▸ What you have to do
Copy the lines below, please, starting with the one that contains "黄色中国风老上海小笼包菜谱设计" and ending with the last. Pictures stay out.

▸ Given material
+ + +

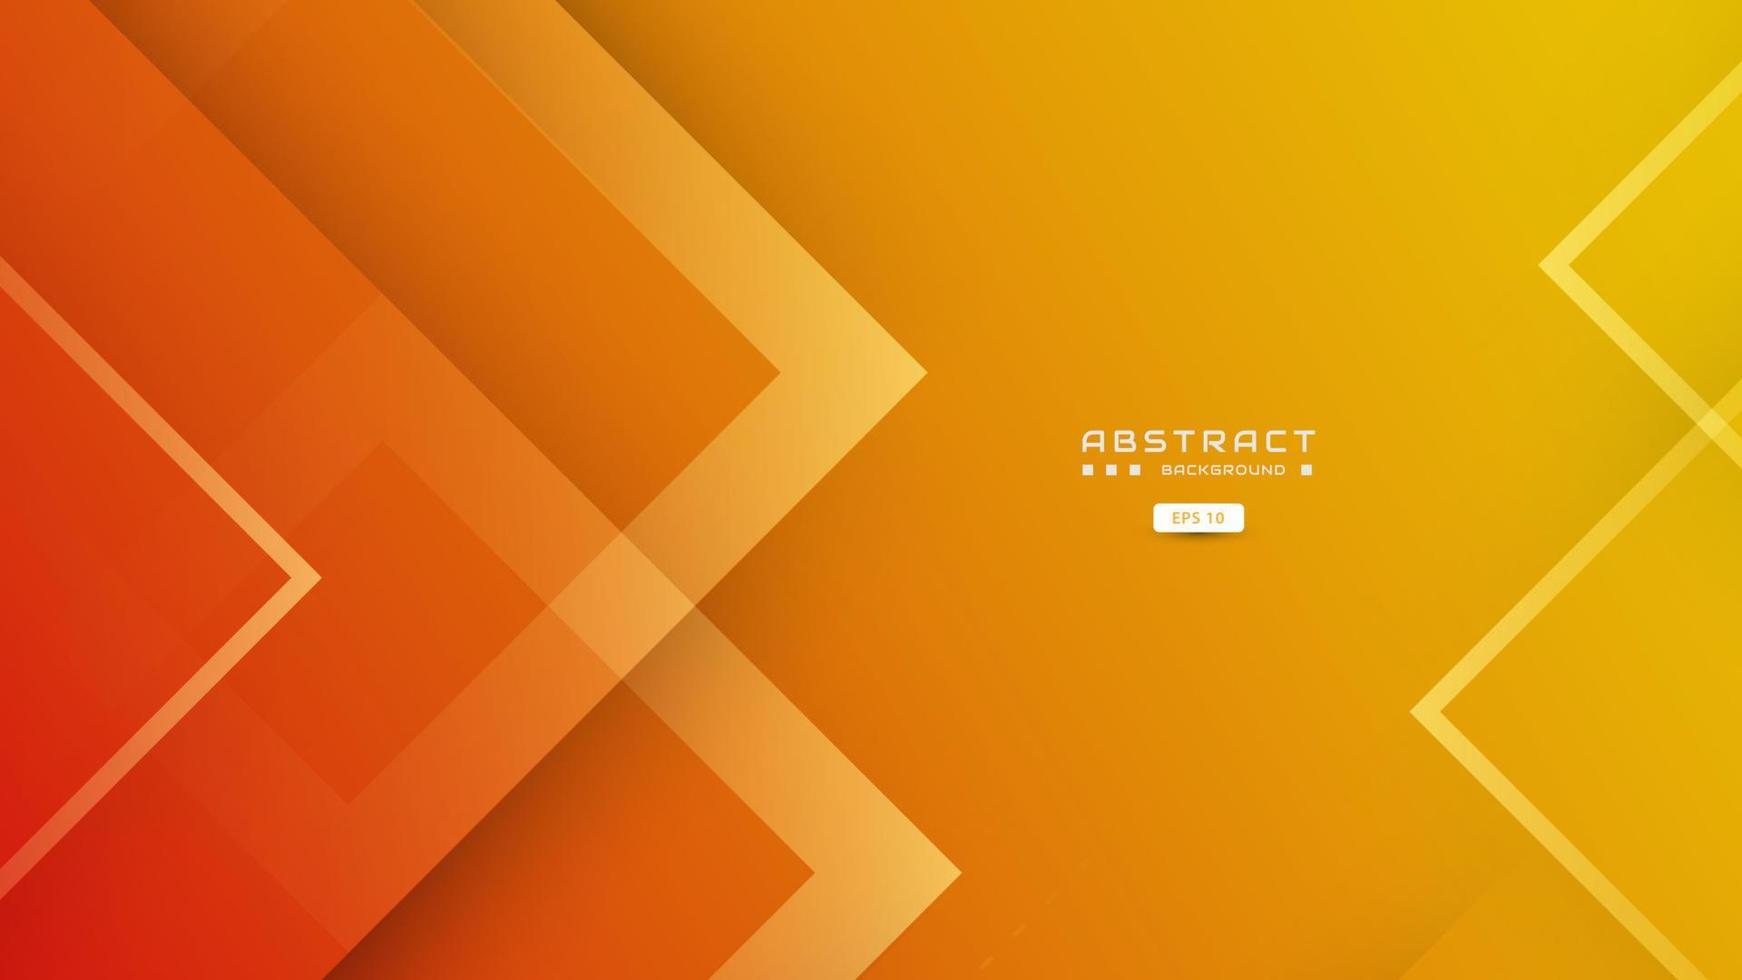 sfondo arancione con forma quadrata sovrapposta creativa, vettore di concetto di banner moderno.
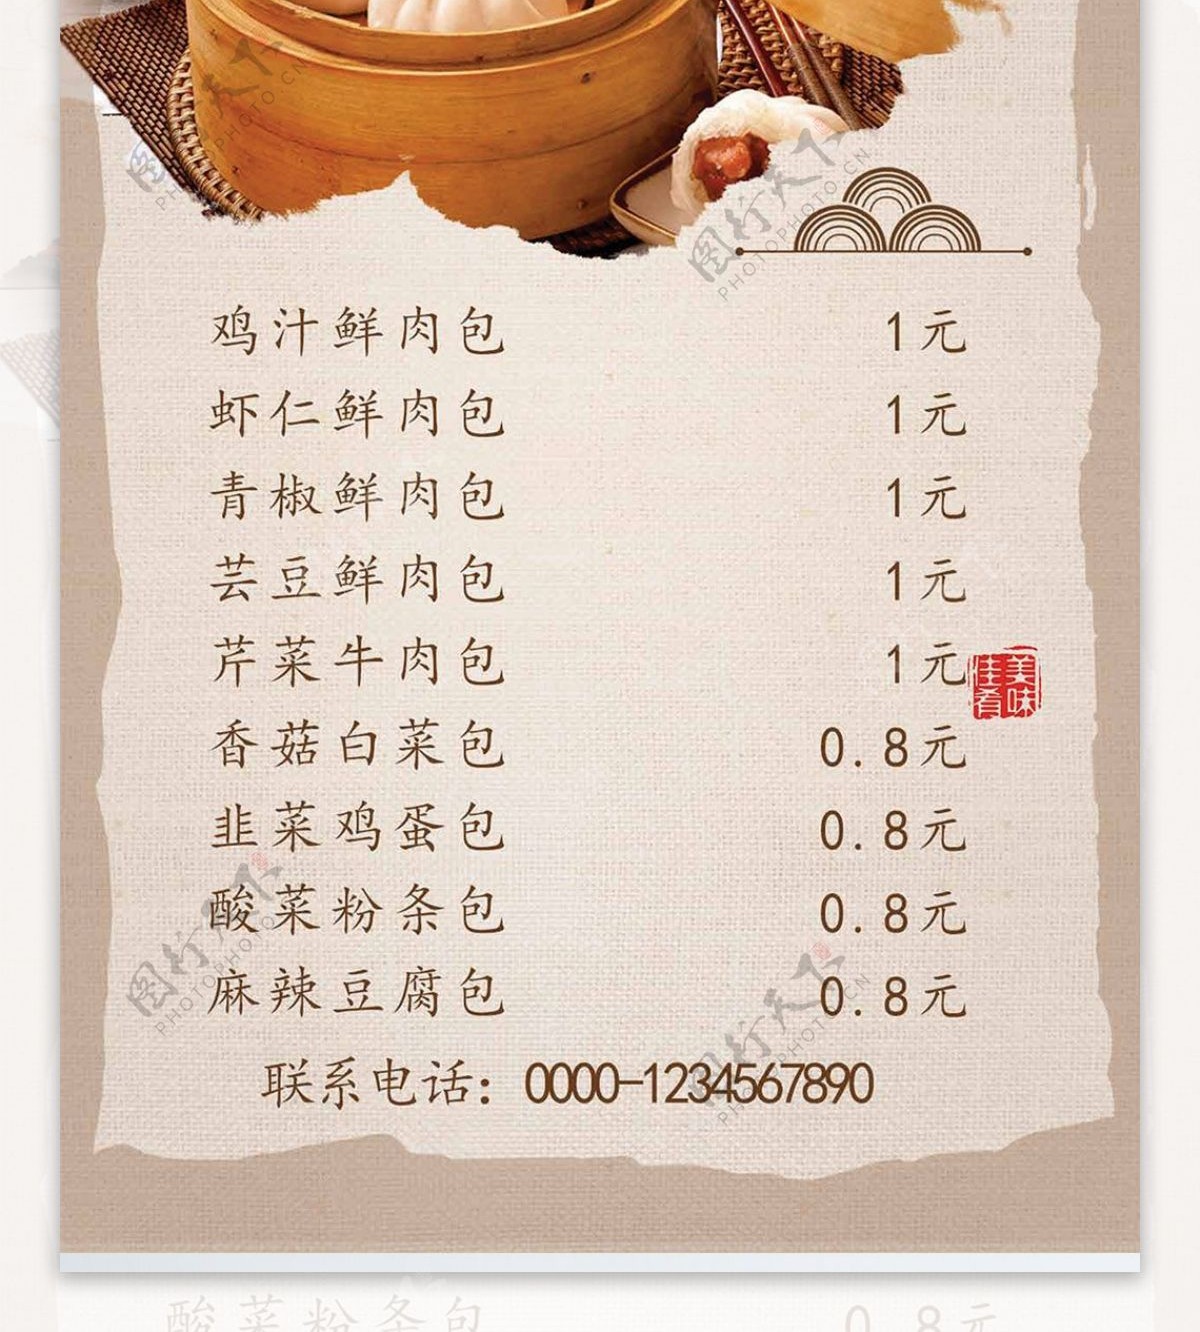 黄色中国风老上海小笼包菜谱设计
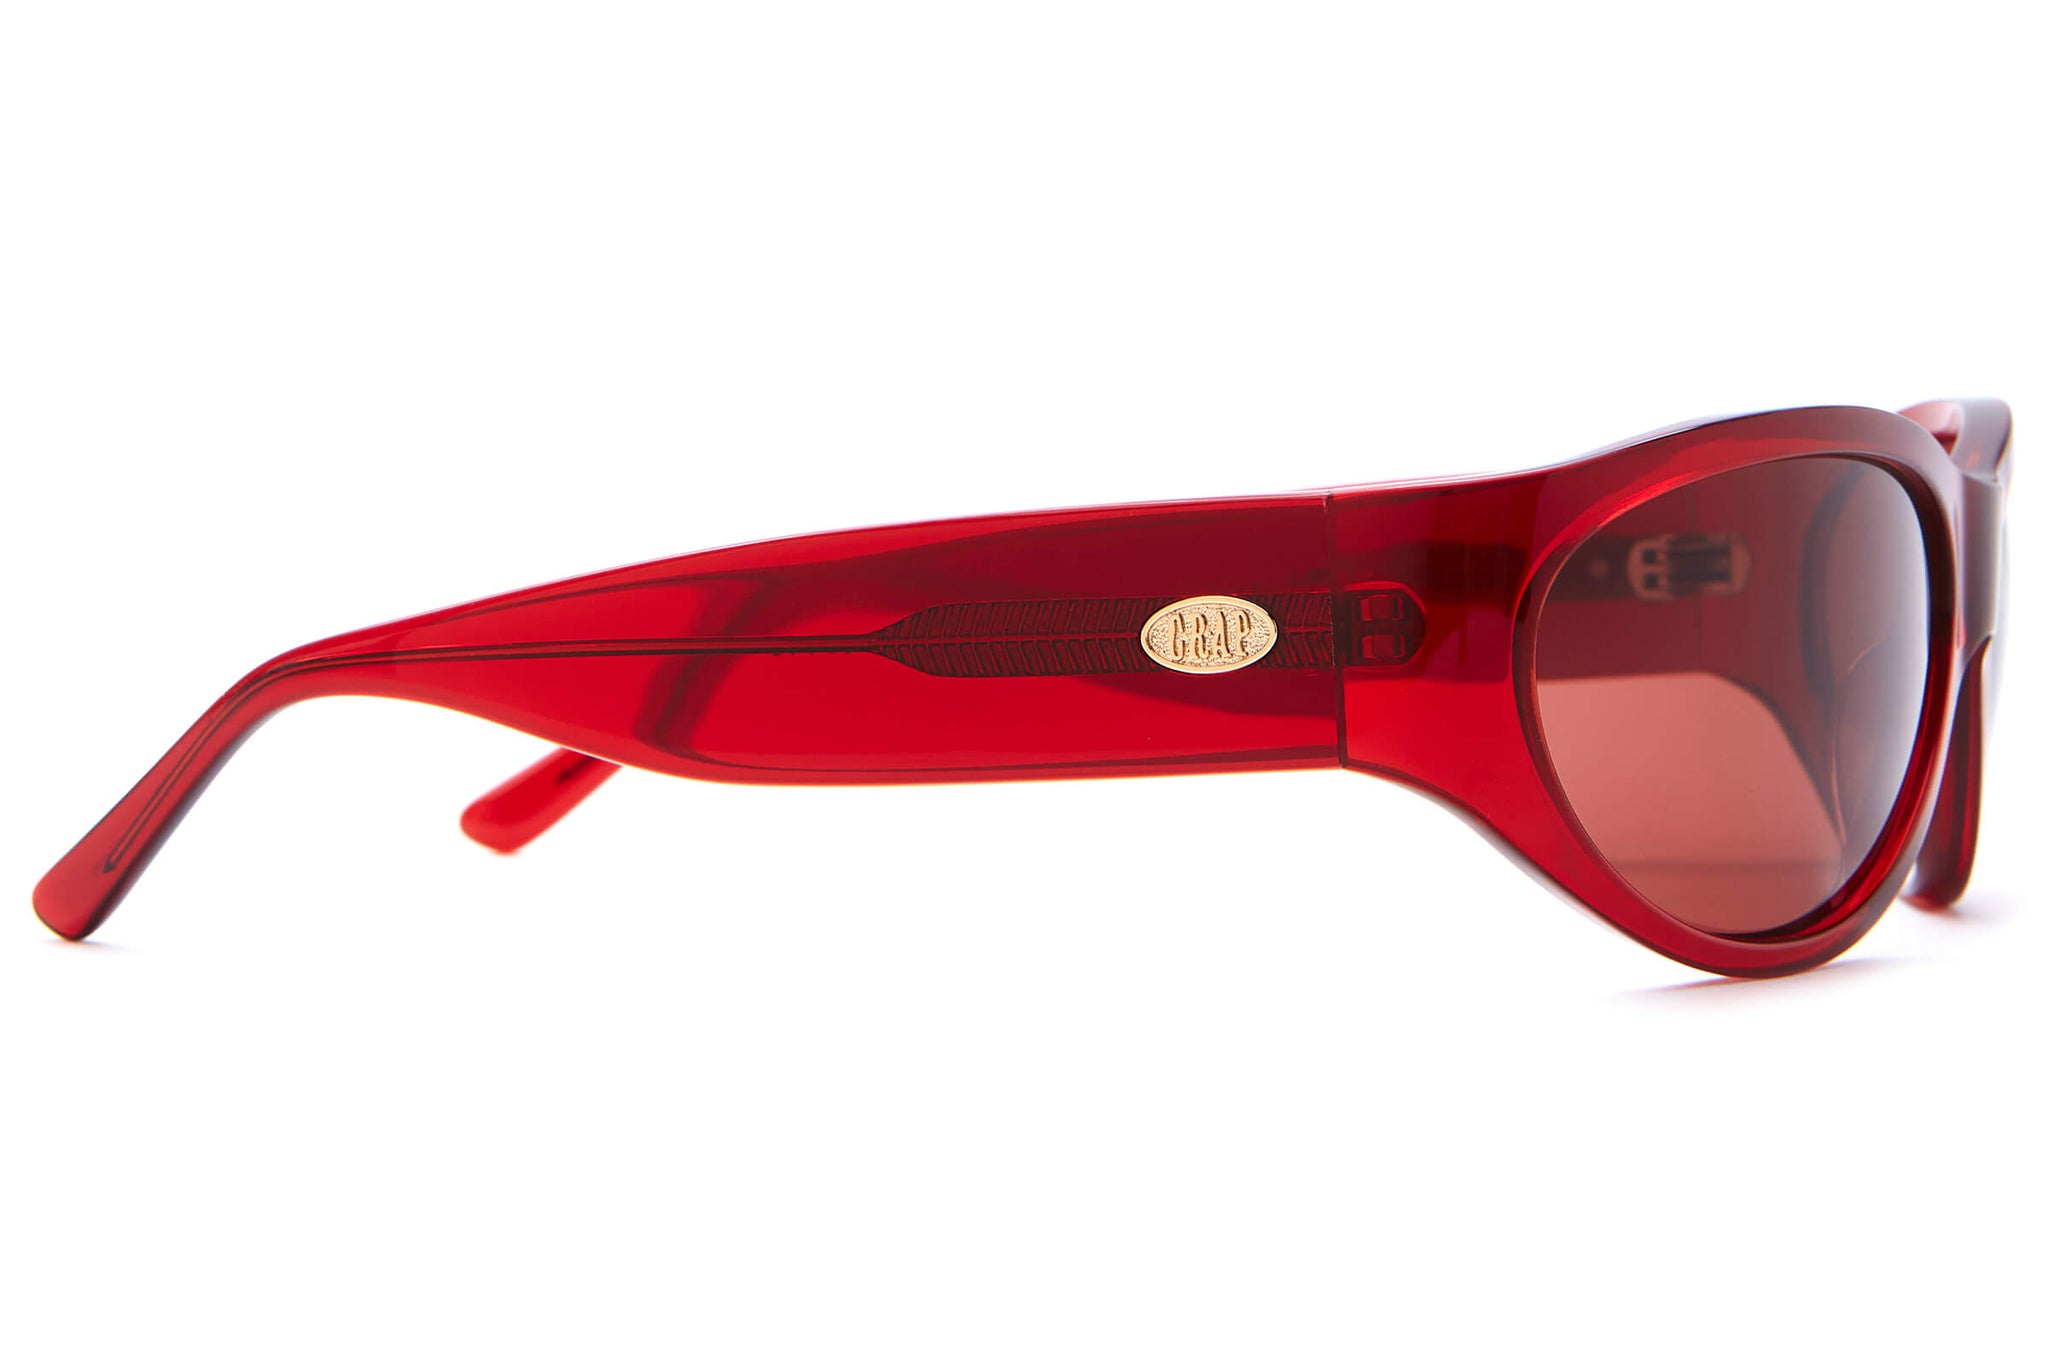 Factory Square Plastic Sunglasses - Red

+ + +

▸ Output below
 黄色中国风老上海小笼包菜谱设计
 Factory Square Plastic Sunglasses - Red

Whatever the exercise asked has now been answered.